The current work highlighted the importance of investigating the extent of cognitive deficiencies in DCGs and their risk for developing dementia in future studies. Since there is worse cognition among DCGs compared to controls, future efforts should be directed to understanding the mechanism of cognitive decline due to caregiving. Future research should also assess the validity of the current findings for male DCGs and DCGs of ethnic and cultural backgrounds other than white representatives of Western culture. It is important to continue identifying individual DCG characteristics affecting the relationship between caregiving stress and health. Specifically, continuing assessment of candidate mediating and moderating factors that are amenable to change in DCG is critical for designing effective interventions.

CONCLUSIONS

Despite the above limitations, this review highlights the current state of research dedicated to understanding the effects of dementia caregiving on DCG health.

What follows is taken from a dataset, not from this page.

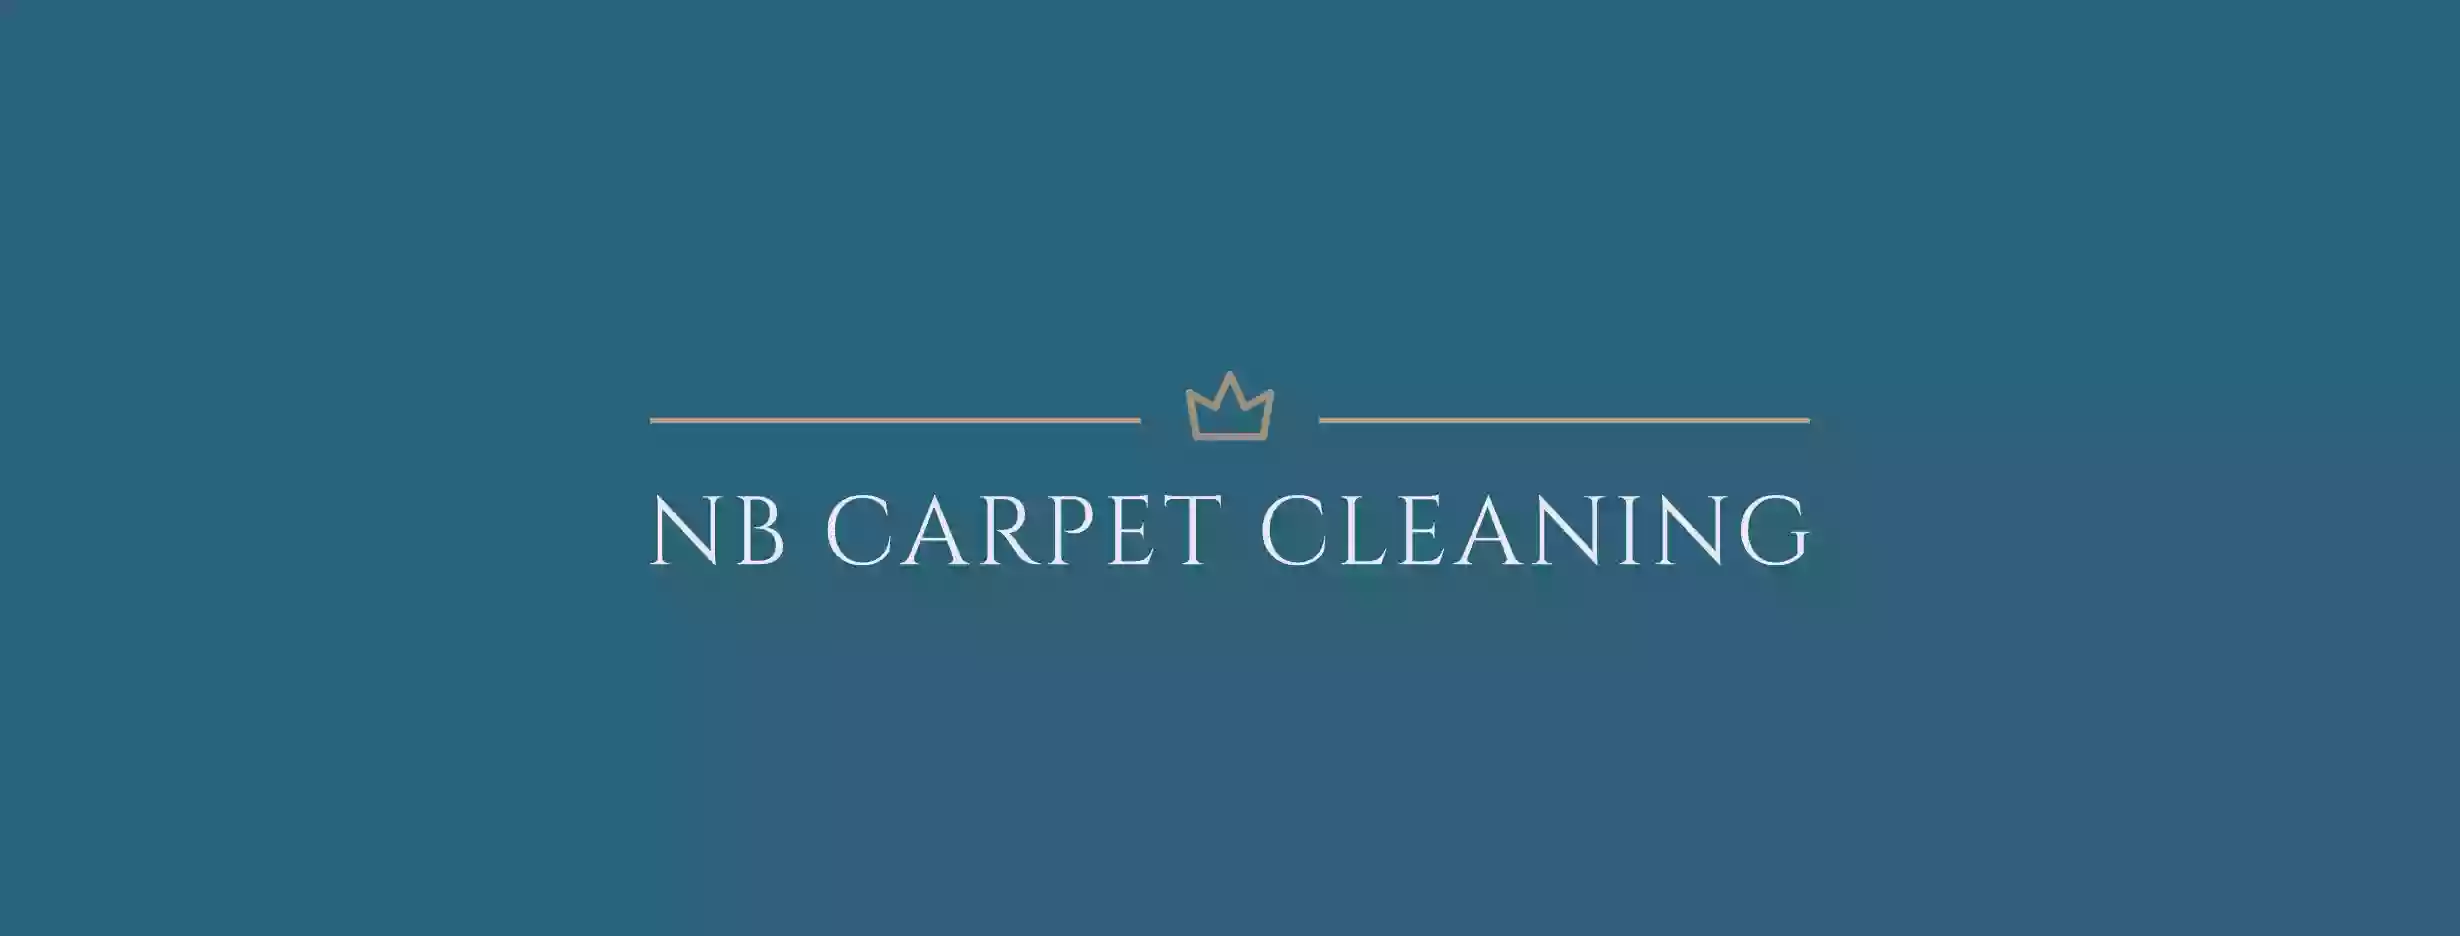 NB Carpet Cleaning

There is a growing recognition that chronic stress experienced by DCGs is linked to many physiological changes and changes in behavior and function. Clinicians often consider DCGs healthy adults not requiring special care. DCGs also often neglect their own health by limiting their visits to care providers for their own needs and failing to obtain vaccinations (Thorpe, et al., 2006). Accumulating evidence points to the fact that it might be useful to start viewing caregiving as a health hazard, as originally proposed by Vitaliano and colleagues (2003). The public, clinicians, DCG families, and DCGs, need to be educated about the risks involved in dementia caregiving to allow for timely intervention or prevention of the potential problems in DCGs. Societal resources, which are always limited, need to be optimally allocated to maximize the health and well-being of DCGs.